An Open Offer to State Regulators Regarding Workers’ Recovery
Some people might call it a bribe. I prefer to call it “incentivization”, even though spell check insists that isn’t a real word. At any rate, it is an important cause, and I am willing to put it all on the line. I am willing to pay my entire life savings, about $20, to make it happen.
I’ve made no secret that I advocate a significant shift in the way workers’ compensation works. We have become mired in process and short term views, and in so doing have lost sight of the end game. We are spending much more, and getting less for the effort. Employers and workers are being hurt by this. I believe that the industry needs to shift focus from process to return; from compensation to recovery. And that would start by renaming the entire industry.

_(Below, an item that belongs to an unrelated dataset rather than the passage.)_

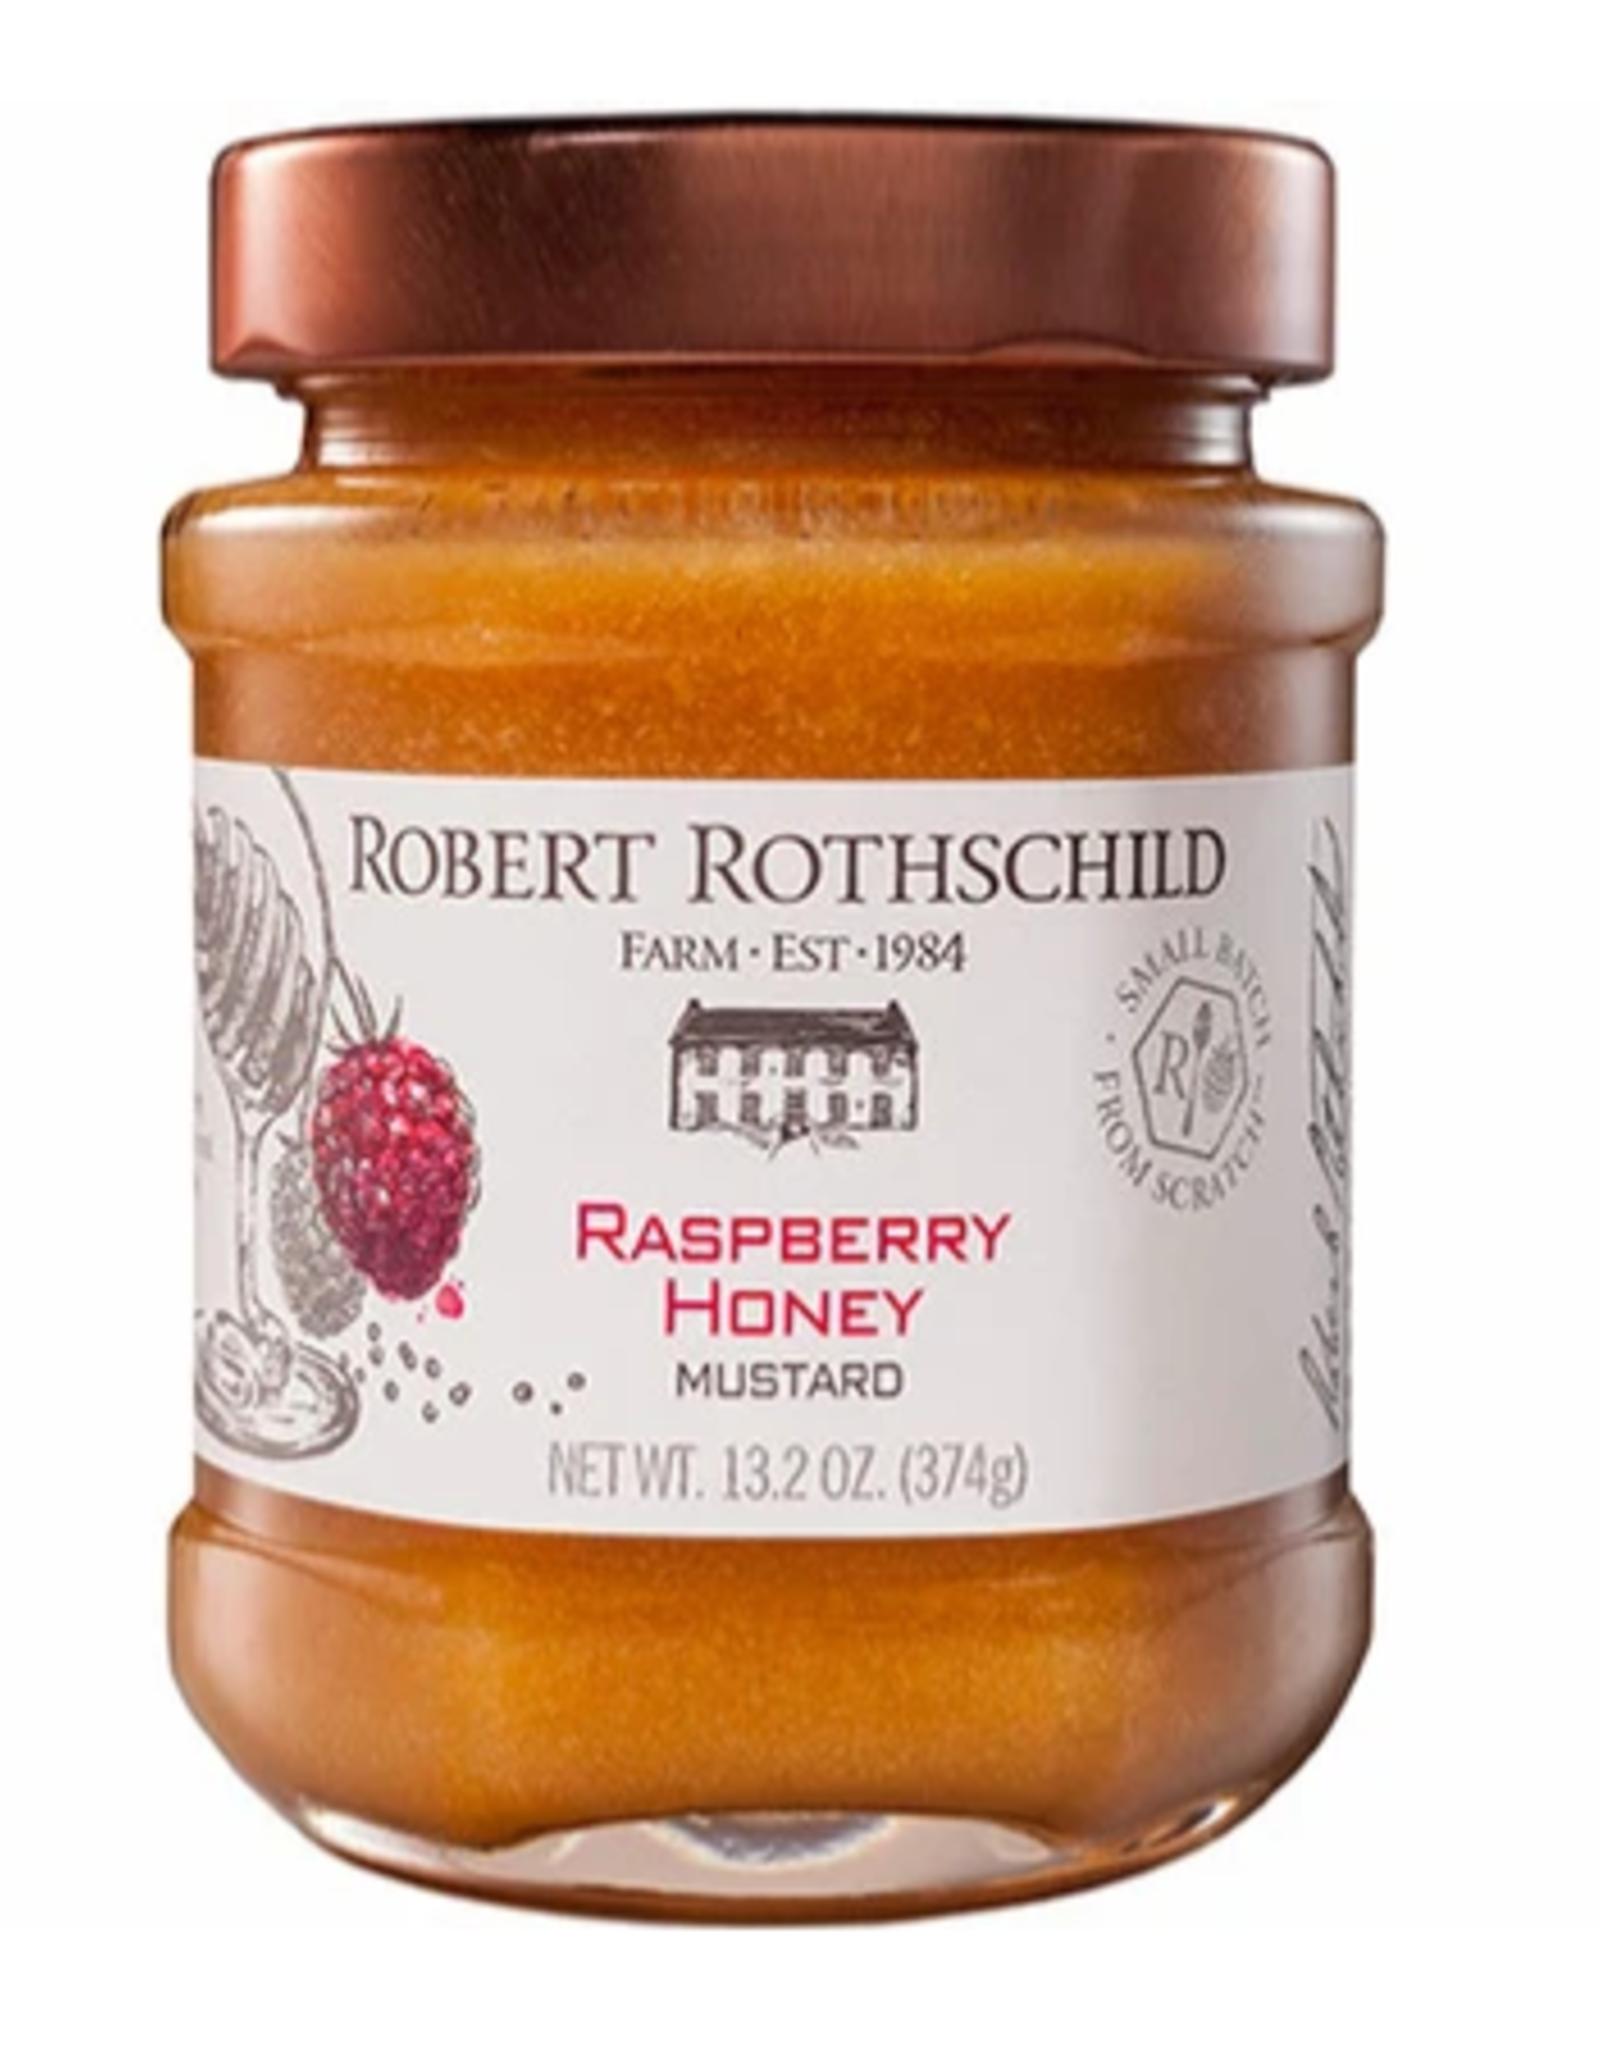 Robert Rothschild Roth Raspberry Honey Mustard Dip, 13.2oz

Workers’ Compensation needs to be called Workers’ Recovery. While much more needs to be done, this is a critical first step. After all, words mean things – even if spell check disagrees by indicating I am a blithering idiot.

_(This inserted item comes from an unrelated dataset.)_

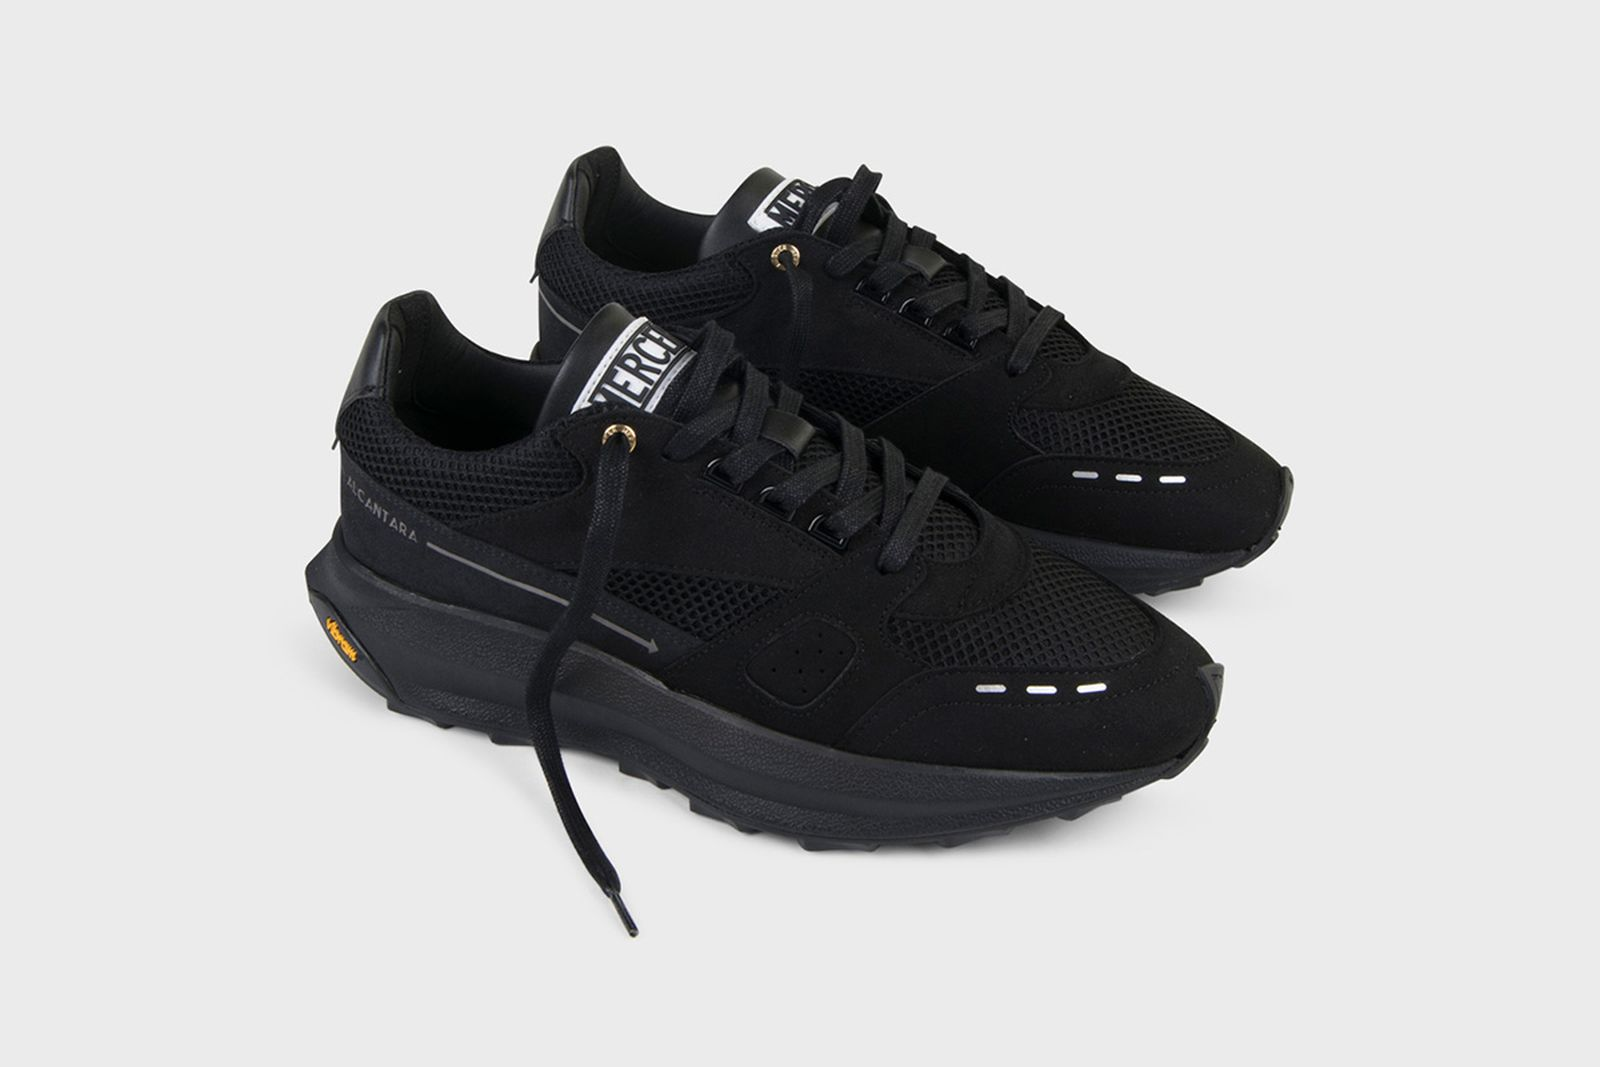 mercer-alcantara-sneaker-release-date-price-04

Obviously the regulators are the key in this process. They often have their legislature’s ear. Often, but not always. I am no fool, and realize that this is not guaranteed. I am sure some regulators would love to have their legislature’s ear, or any other body part for that matter. And a rubber mallet or vice-grip. While getting things done would be much easier if they had a different body part and the appropriate “tools of influence”, we will, for our purposes, have to settle for the ear and hope for the best.

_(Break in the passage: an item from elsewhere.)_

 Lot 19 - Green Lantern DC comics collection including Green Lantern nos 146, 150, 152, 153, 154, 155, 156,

Therefore, I am offering, to the first regulator that can shepherd this industry name change through their legislature, the princely sum of $20.
Yep, that’s right, 20 clean, crisp, unmarked $1 bills, placed in a plain envelope and taped to the bottom of their mailbox, just for being the first to successfully rename their division and related industry “Workers’ Recovery”.
I got this idea at a recent committee meeting of the IAIABC, where we were discussing return to work issues. I mentioned to the group that if I were “King for a Day”, I would rename the entire industry “Workers’ Recovery”, as I felt “compensation” today puts the wrong emphasis on the process. A woman from one jurisdiction, who clearly does not understand the concept of temporary autonomous rule, promptly informed me thusly that they were statutorily bound to operate under the name workers’ compensation, and therefore would continue to use workers’ compensation, and I could do nothing about it, and that is all there is to it, and I was a blithering idiot (ok, she didn’t actually say I was an idiot, but there was the same vibe I get from my spell check). It was a verbal pantsing if I’ve ever experienced one.
But she was right. I will not be King for a Day. I am a blithering idiot. And the laws need to change. We need the regulators of the various state agencies to pick up this issue and lead the charge in their respective jurisdictions. This will require statutory changes, and we need to fire up the legislative sausage grinder to get this going. The regulators can define the issue and show us the way. It goes without saying, of course, the first one through will be twenty dollars richer for the effort. They will have happily earned my entire retirement nest egg.
They will also need to agree to let my wife and me spend our golden years in their back bedroom, but we can work those details out later.
So how about it Mr./Ms. Commissioner/Director/CEO? Let’s do this thing. Which one of you will be first in the nation to put our industry on the path to recovery by naming it Workers’ Recovery? Which one of you will lead?